Das Kreditgewerbe in Deutschland – wie andere Branchen auch – ist seit Jahren mit Herausforderungen konfrontiert, die ohne tiefgreifende Umstrukturierungen nicht zu bewältigen sein werden. Digitalisierung, Niedrigzinsphase und Regulierung fordern einen Paradigmenwechsel in den Geschäftsmodellen der Banken. Dies ist bekannt und in einer Vielzahl von Beiträgen behandelt worden.
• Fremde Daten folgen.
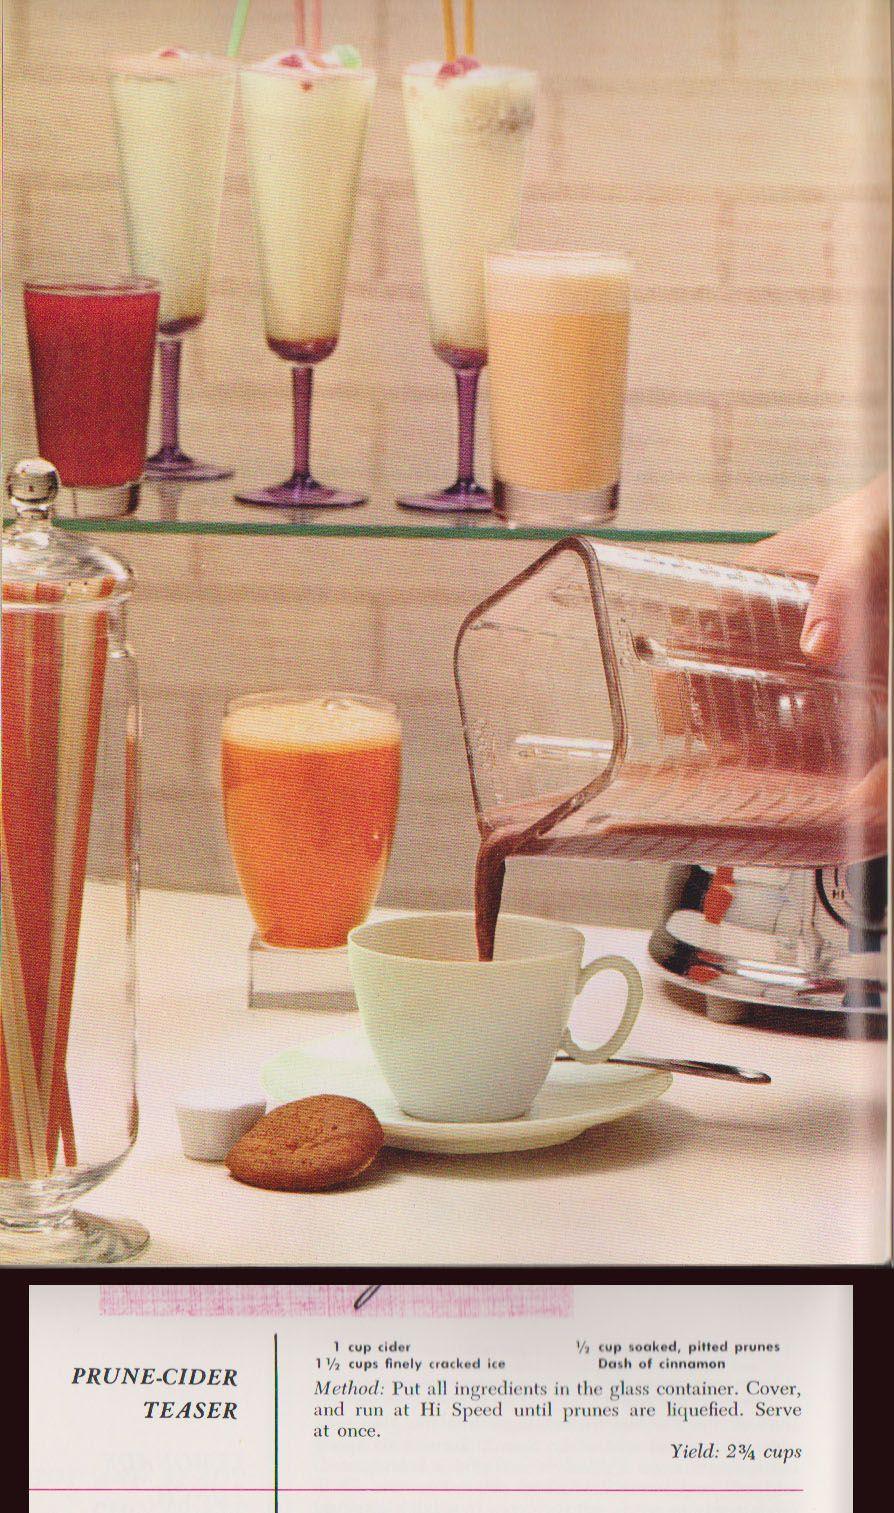 mmm... pruney - Osterizer 1963

Kommt nun mit der Coronakrise eine zusätzliche Herausforderung in einer bislang unbekannten Dimension auf die Banken zu? Zur Beantwortung ein kurzer Blick auf das gegenwärtige Umfeld und seinen Ursprung in Thesenform. Diese Thesen zeigen den spezifischen Charakter der aktuellen Krise: Die Krise ist Ergebnis eines, überspitzt gesagt, bewusst als Konsequenz zur Eindämmung der Pandemie herbeigeführten staatlich verordneten Stillstands der Wirtschaft auf nationaler wie auf internationaler Ebene. Es handelt sich anders als in früheren Fällen nicht um eine systemimmanente Krise der Wirtschaft wie beim Platzen der Internetblase 2003 oder der Finanzkrise 2007/08.

Gleichzeitig werden zur Eindämmung von unmittelbar krisenbedingten Folgen in allen Ländern von staatlichen Stellen veranlasste Hilfsprogramme für die gesamte Wirtschaft aufgelegt, die die resultierenden Einkommensausfälle der Arbeitnehmer kompensieren und den Bestand von Unternehmen bis in die Zeit nach der Krise hinein sichern sollen. Die Zeit der Pandemie soll, vereinfacht gesagt, durchfinanziert werden...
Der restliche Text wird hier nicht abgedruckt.